I will put them on a heat mat and move the sponge away from the heat source.


----------



## dorian (Nov 27, 2010)

Iguanaquinn said:


> Really..... I have tried, but saying that I have the room at 31 not just a heat mat.... Dries your skin out if you are in there for any length of time lol.
> 
> I will put them on a heat mat and move the sponge away from the heat source.


Ah right, my room's like a fridge. If it wasn't for all the reptile heating it'd be like 10 degrees lol. Slows the crickets down though!

Isn't bug gel simply gelatinized water, or are you referring to the orange food gel?


----------



## Iguanaquinn (Nov 13, 2010)

dorian said:


> Ah right, my room's like a fridge. If it wasn't for all the reptile heating it'd be like 10 degrees lol. Slows the crickets down though!
> 
> Isn't bug gel simply gelatinized water, or are you referring to the orange food gel?



To be honest I have never used it so I am not sure what is used to thicken it... The thin strips of gelatine: Gelatin - Wikipedia, the free encyclopedia

Not really sure how the gelatine would react to the heat.


----------



## TEENY (Jan 4, 2008)

Can't you just use water ?? sounds simple but have you tried ???. Cotton wool etc makes a great breeding ground for bacteria so you could end upm with a problem there, bug gel is all well and good but water is better imo. I have a lot of inverts and i have never used anything but water for them, if you are worried about drowning put gravel in dish in peaks here and there for them to escape.


----------



## dorian (Nov 27, 2010)

Melting point is about 35 degrees, maybe a bit under (google lol)
You might get away with it, maybe not :/


----------



## dorian (Nov 27, 2010)

TEENY said:


> Can't you just use water ?? sounds simple but have you tried ???. Cotton wool etc makes a great breeding ground for bacteria so you could end upm with a problem there, bug gel is all well and good but water is better imo. I have a lot of inverts and i have never used anything but water for them, if you are worried about drowning put gravel in dish in peaks here and there for them to escape.


it's so easy for crickets to drown themselves


----------



## HABU (Mar 21, 2007)

crickets should be kept cool.


----------



## Iguanaquinn (Nov 13, 2010)

TEENY said:


> Can't you just use water ?? sounds simple but have you tried ???. Cotton wool etc makes a great breeding ground for bacteria so you could end upm with a problem there, bug gel is all well and good but water is better imo.
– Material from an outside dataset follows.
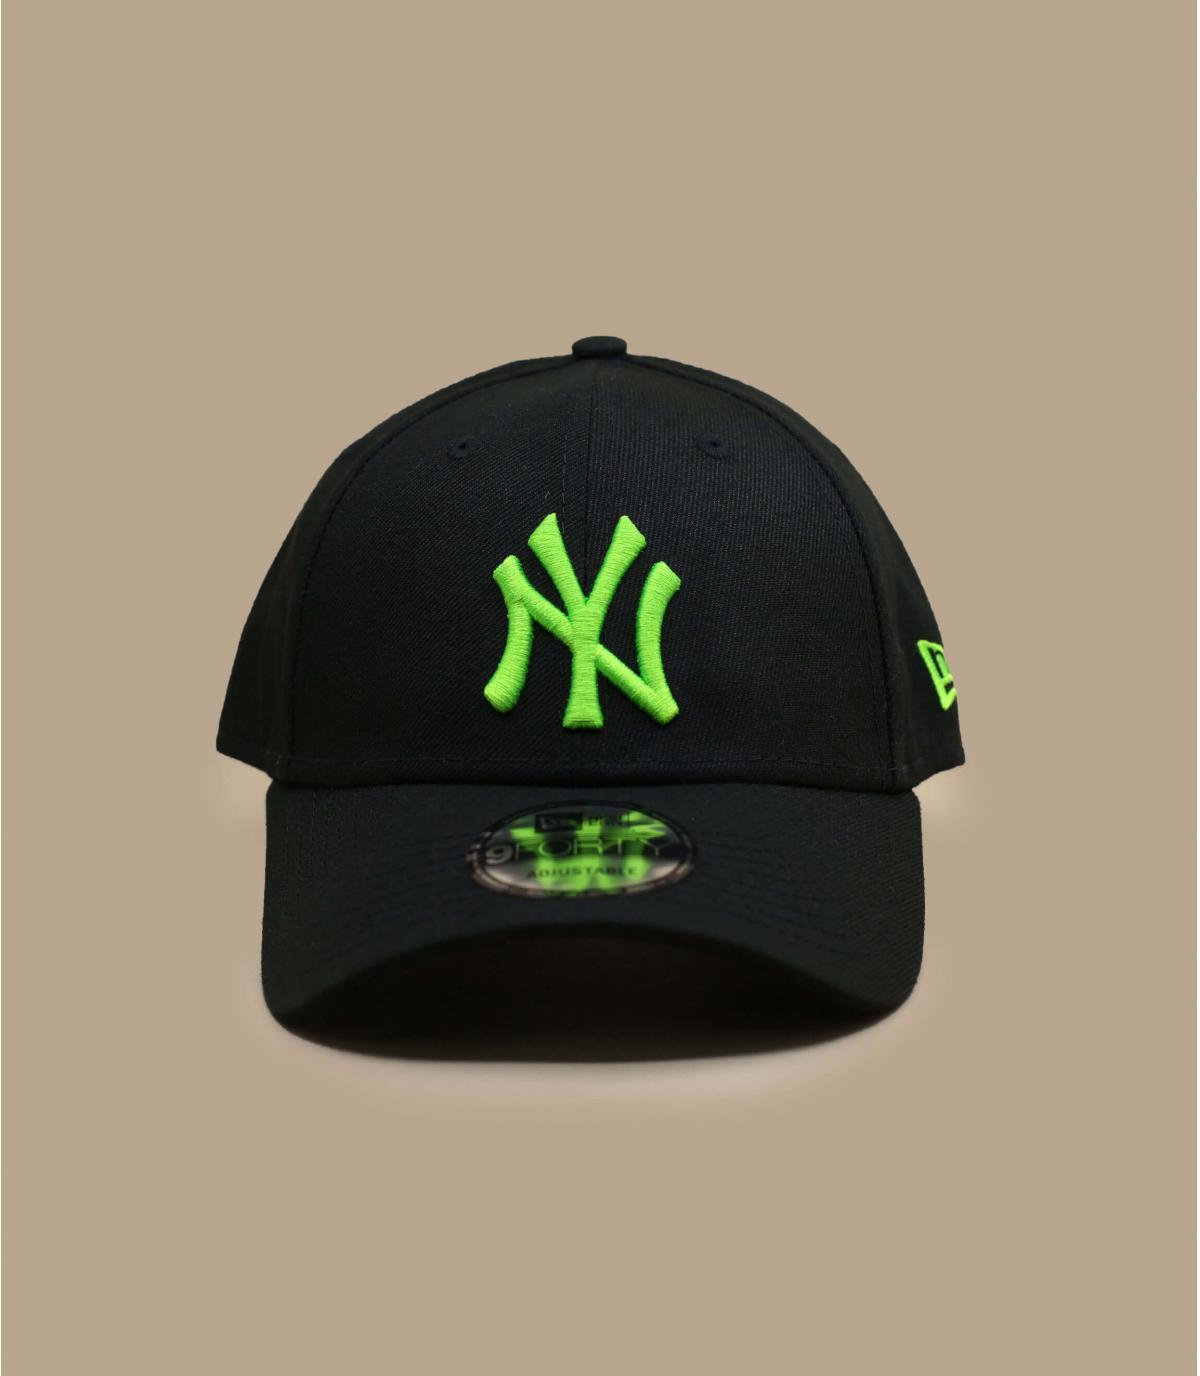 Details Neon Pack NY 940 black green - Abbildung 2

I have a lot of inverts and i have never used anything but water for them, if you are worried about drowning put gravel in dish in peaks here and there for them to escape.


I would rather use gel to be honest.. Takes the worry out completly



dorian said:


> Melting point is about 35 degrees, maybe a bit under (google lol)
> You might get away with it, maybe not :/


Ha ha google the wise owl...



HABU said:


> crickets should be kept cool.


I am using roaches not crix... Establishing a breeding colony for my reps.


----------



## TEENY (Jan 4, 2008)

dorian said:


> it's so easy for crickets to drown themselves


I keep a lot of inverts and Chams so i have a fair old whack of livefood going through our house on a weekly basis but i have NEVER had a problem as long as there is gravel or pebbles in water for them to get out. Maybe i am just really lucky ??


----------



## Iguanaquinn (Nov 13, 2010)

Just incase anyone wants to use gelatine it works..... You can buy it from any supermarket. I put 4 sheets in water, melted it and it made me a nice pint of H2O jelly for my roaches.....

Result!


----------



## Blaptica (Jun 26, 2008)

*pale clouded white*

I really don't understand this. 

There are these things called oranges out there. They are not very expensive and they are 99% water with added vitamins and minerals, including plenty of calcium. 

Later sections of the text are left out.